Re: [PATCH] zram: add zstd to the supported algorithms list

From: Nick Terrell
Date: Thu Aug 24 2017 - 22:46:17 EST


On 8/24/17, 7:21 PM, "Sergey Senozhatsky" <sergey.senozhatsky.work@xxxxxxxxx> wrote:
> not really familiar either... I was thinking about having "zstd" and
> "zstd_dict" crypto_alg structs - one would be !dict, the other one would
> allocate dict and pass it to compress/decompress zstd callbacks. "zstd"
> vecrsion would invoke zstd_params() passing zeros as compress and dict
> sizes to ZSTD_getParams(), while "zstd_dict" would invoke, lets say,
> zstd_params_dict() passing PAGE_SIZE-s. hm... (0, PAGE_SIZE)? to
> ZSTD_getParams(). just a rough idea...

The way zstd dictionaries work is the user provides some data which gets
"prepended" to the data that is about to be compressed, without actually
writing it to output.
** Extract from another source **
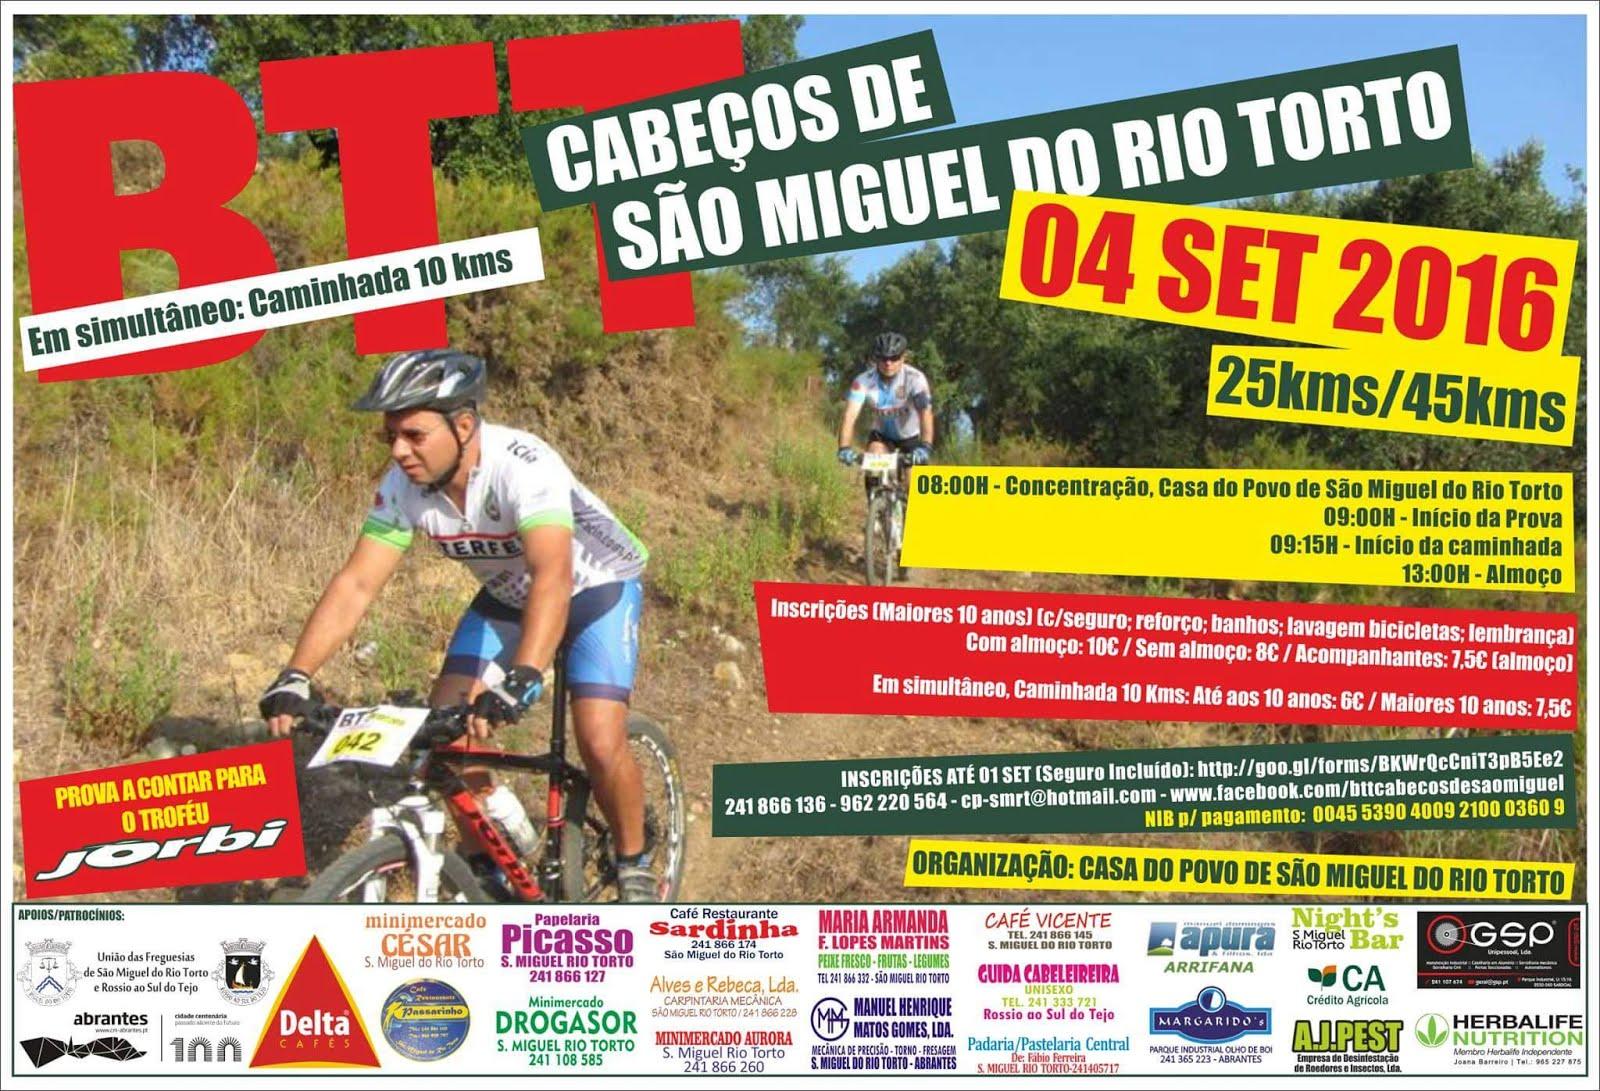 04SET * CABEÇOS DE SÃO MIGUEL DO RIO TORTO

That way zstd can find matches in the dictionary and
represent them for "free". That means the user has to pass the same data to
both the compressor and decompressor.

We could build a dictionary, say every 20 minutes, by sampling 512 B chunks
of the RAM and constructing a 16 KB dictionary. Then recompress all the
compressed RAM with the new dictionary. This is just a simple example of a
dictionary construction algorithm. You could imagine grouping pages by
application, and building a dictionary per application, since those pages
would likely be more similar.

Regarding the crypto API, I think it would be possible to experiment by
creating functions like
`zstd_comp_add_dictionary(void *ctx, void *data, size_t size)'
and `zstd_decomp_add_dictionary(void *ctx, void *data, size_t size)'
in the crypto zstd implementation and declare them in `zcomp.c'. If the
experiments prove that using zstd dictionaries (or LZ4 dictionaries) is
worthwhile, then we can figure out how we can make it work for real.